The answer is: It depends! What exactly do you know about the state of the universe? Do you know it’s exact microstate? As in, do you know the position and momentum of every single particle in the universe? If so, then yes, the entire past and future of the universe are accessible to you. But suppose that instead of knowing the exact microstate, you only have access to a macroscopic description of the universe. For example, maybe you have a temperature map as well as a particle density function over the universe. Or perhaps you know the exact states of some particles, just not all of them.

Well, if you only have access to the macrostate of the system (which, notice, is the epistemic situation that we find ourselves in, being that full access to the exact microstate of the universe is as technologically remote as can be), then it should be clear that you can’t specify the exact microstate at all other times. This is nothing too surprising or interesting… starting with imperfect knowledge you will not arrive at perfect knowledge. But we might hope that in the absence of a full description of the microstate of the universe at all other times, you could at least give a detailed macroscopic description of the universe at other times.

That is, here’s what seems like a reasonable expectation: If I had infinite computational power, knew the exact microphysical laws, and knew, say, that a closed box was occupied by a cloud of noninteracting gas in its corner, then I should be able to draw the conclusion that “The gas will disperse.” Or, if I knew that an ice cube was sitting outdoors on a table in the sun, then I should be able to apply my knowledge of microphysics to conclude that “The ice cube will melt”. And we’d hope that in addition to being able to make statements like these, we’d also be able to produce precise predictions for how long it would take for the gas to become uniformly distributed over the box, or for how long it would take for the ice cube to melt.

Here is the interesting and surprising bit. It turns out that this is in principle impossible to do. Just the exact microphysical laws and an infinity of computing power is not enough to do the job! In fact, the microphysical laws will in general tell us almost nothing about the future evolution or past history of macroscopic systems!

Take this in for a moment. You might not believe me (especially if you’re a physicist). For one thing, we don’t know the exact form of the microphysical laws. It would seem that such a bold statement about their insufficiencies would require us to at least first know what they are, right? No, it turns out that the statement that microphysics is is far too weak to tell us about the behavior of macroscopic systems holds for an enormously large class of possible laws of physics, a class that we are very sure that our universe belongs to.

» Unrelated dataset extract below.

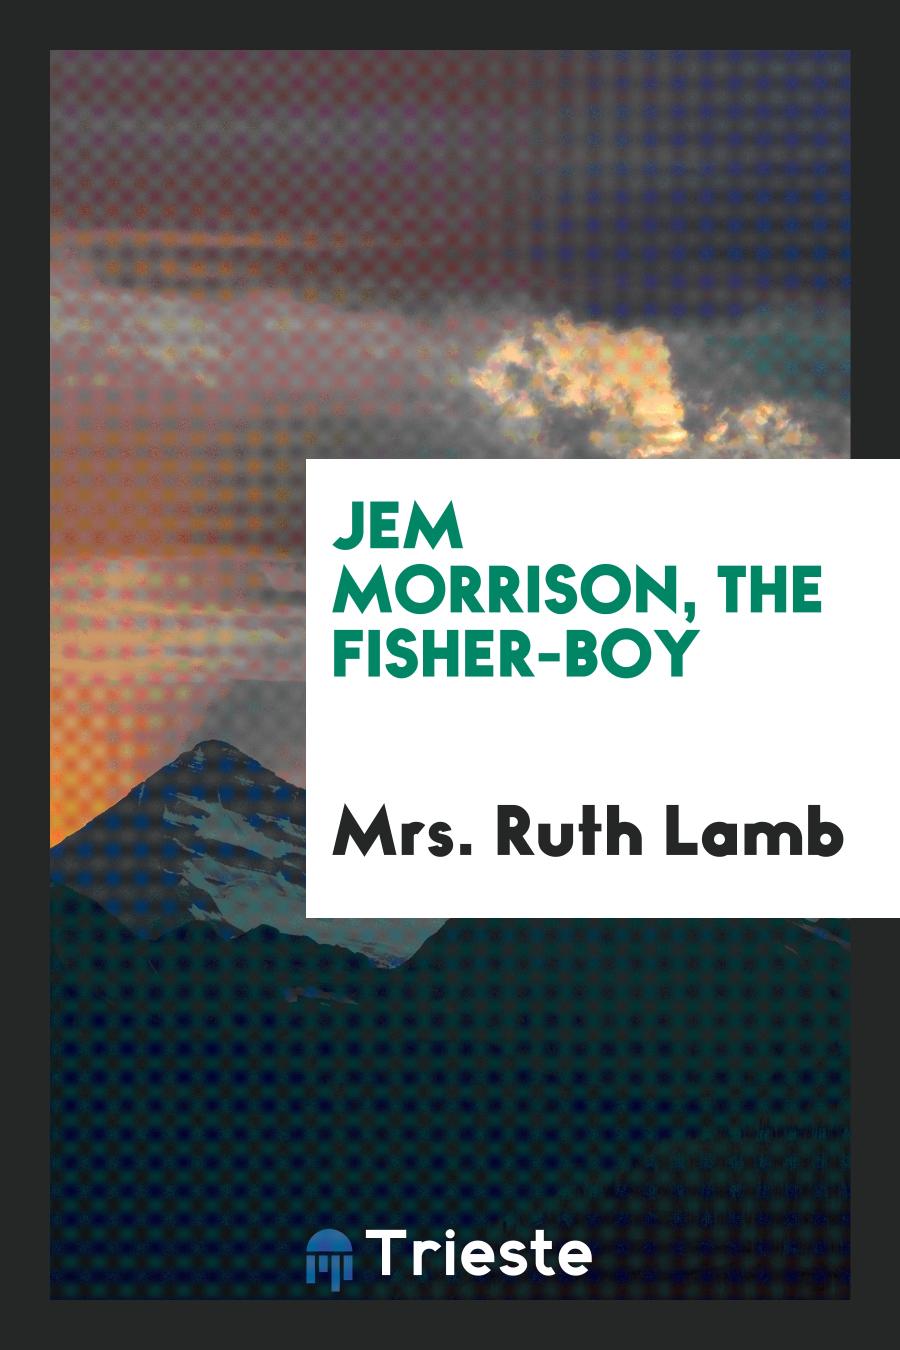 Jem Morrison, the fisher-boy

Let’s prove this. We start out with the following observation that will be familiar to physicists: the microphysical laws appear to be time-reversible. That is, it appears to be the case that for every possible evolution of a system compatible with the laws of physics, the time-reverse of that evolution (obtained by simply reversing the trajectories of all particles) is also perfectly compatible with the laws of physics.*

This is surprising! Doesn’t it seem like there are trajectories that are physically possible for particles to take, such that their time reverse is physically impossible? Doesn’t it seem like classical mechanics would say that a ball sitting on the ground couldn’t suddenly bounce up to your hand? An egg unscramble? A gas collect in the corner of a room? The answer to all of the above is no. Classical mechanics, and fundamental physics in general, admits the possibilities of all these things. A fun puzzle for you is to think about why the first example (the ball initially at rest on the ground bouncing up higher and higher until it comes to rest in your hand) is not a violation of the conservation of energy.

Now here’s the argument: Suppose that you have a box that you know is filled with an ideal gas at equilibrium (uniformly spread through the volume). There are many many (infinitely many) microstates that are compatible with this description. We can conclusively say that in 15 minutes the gas will still be dispersed only if all of these microstates, when evolved forward 15 minutes, end up dispersed.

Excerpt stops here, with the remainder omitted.